When we were final approach fix inbound I noticed on my MFD of our G1000 an ADS-B hit that was +23 above our altitude at FAF and east slightly north of the field heading northwest.
I assumed the traffic was passing by as I had not heard call outs other than us for ZZZ and began to focus more on my student who was on his second ever approaches lesson and thus required a higher amount of monitoring and supervision than a student who was more experienced with approaches.
On short final, maybe 10-20 seconds from touch down I glanced from the student to the MFD and noticed a MFD hit in yellow that was nearly on top of us and slightly behind at +100 feet.
I looked back and to my left out a rearward window to see the T6 coming down on top of us.

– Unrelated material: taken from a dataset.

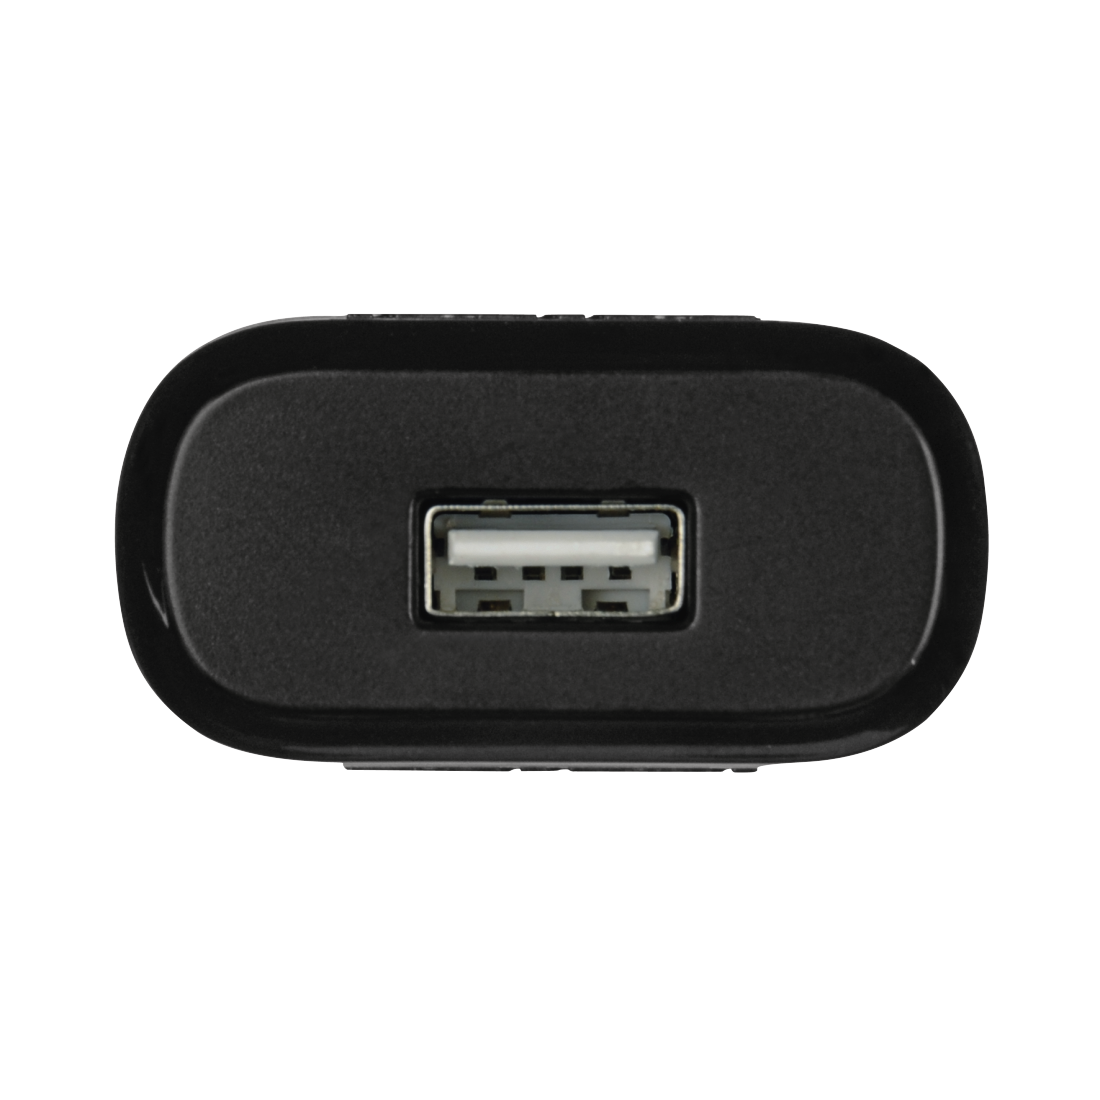 108341 hama kit chargeur pour tablettes pc samsung galaxy. Black Bedroom Furniture Sets. Home Design Ideas

I immediately took control from the student and evasive action applying full power, flaps up, and offset further down and to the left of the runway crossing the threshold about that time.

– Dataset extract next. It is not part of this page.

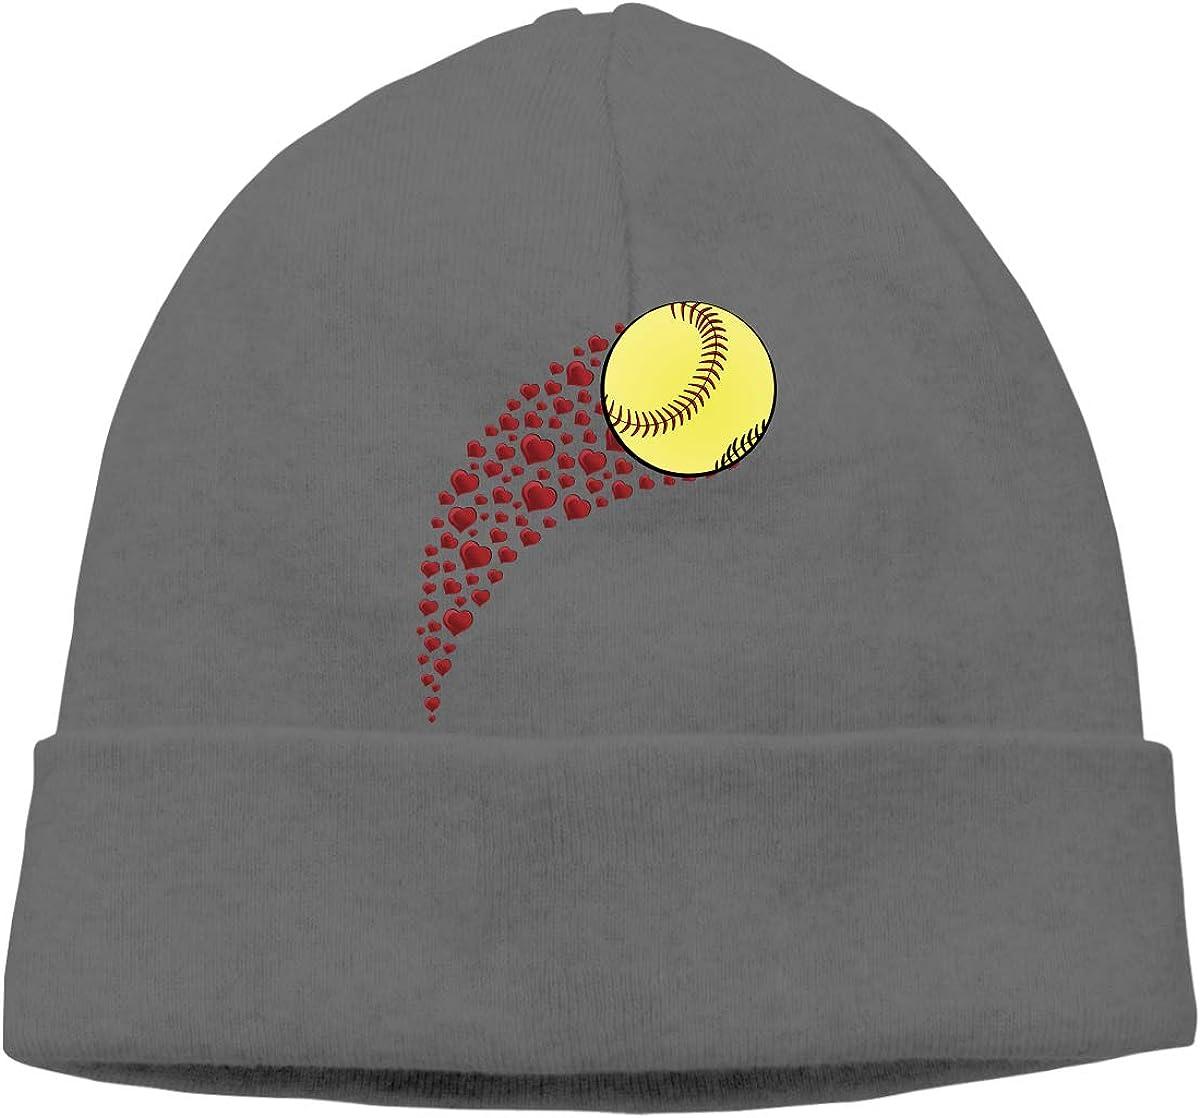 Q10 Men Women Heart Shaped Softball Soft Beanie Hat Soft Hat

The next time I saw the T6 was about 3-5 seconds later in a climbing right turn mid gear retraction. I called up and asked “T6 IN ZZZ ARE YOU ON FREQUENCY?” They replied that they had not heard us. We let them know we had not heard them either and would be filing a safety report with the Aviation Safety Reporting System.
I think contributing factors to this was the T6 being a low wing and us being a high wing, making visibility poor between both aircraft in close proximity.
Furthermore me being task saturated with the student and assuming the aircraft was passing by ZZZ at FAF.
Based on the tone of the T6 instructor’s voice I got the impression that they were just as surprised to see us, leading me to believe they were also just as task saturated teaching their student.
Primary Problem: Procedure
ACN: 1839353
Squelch set to high?
Many such posts. Common thread seems to be Practicing/CFIs/IFR&GPS approaches/non towered airport.
Sort it out from there.
Still happens with towered, and with approach control for non-towered airports within their operations area. Class D with no radar are the worst from my experience. And one of the other issues is being on the “wrong freq” — you are talking to approach, and not on CTAF of the non-towered airport (yet). When you get Freq change approved, you know there is traffic in the area, but you don’t know about the J3.
I really feel for the CFIIs during initial training of instrument students.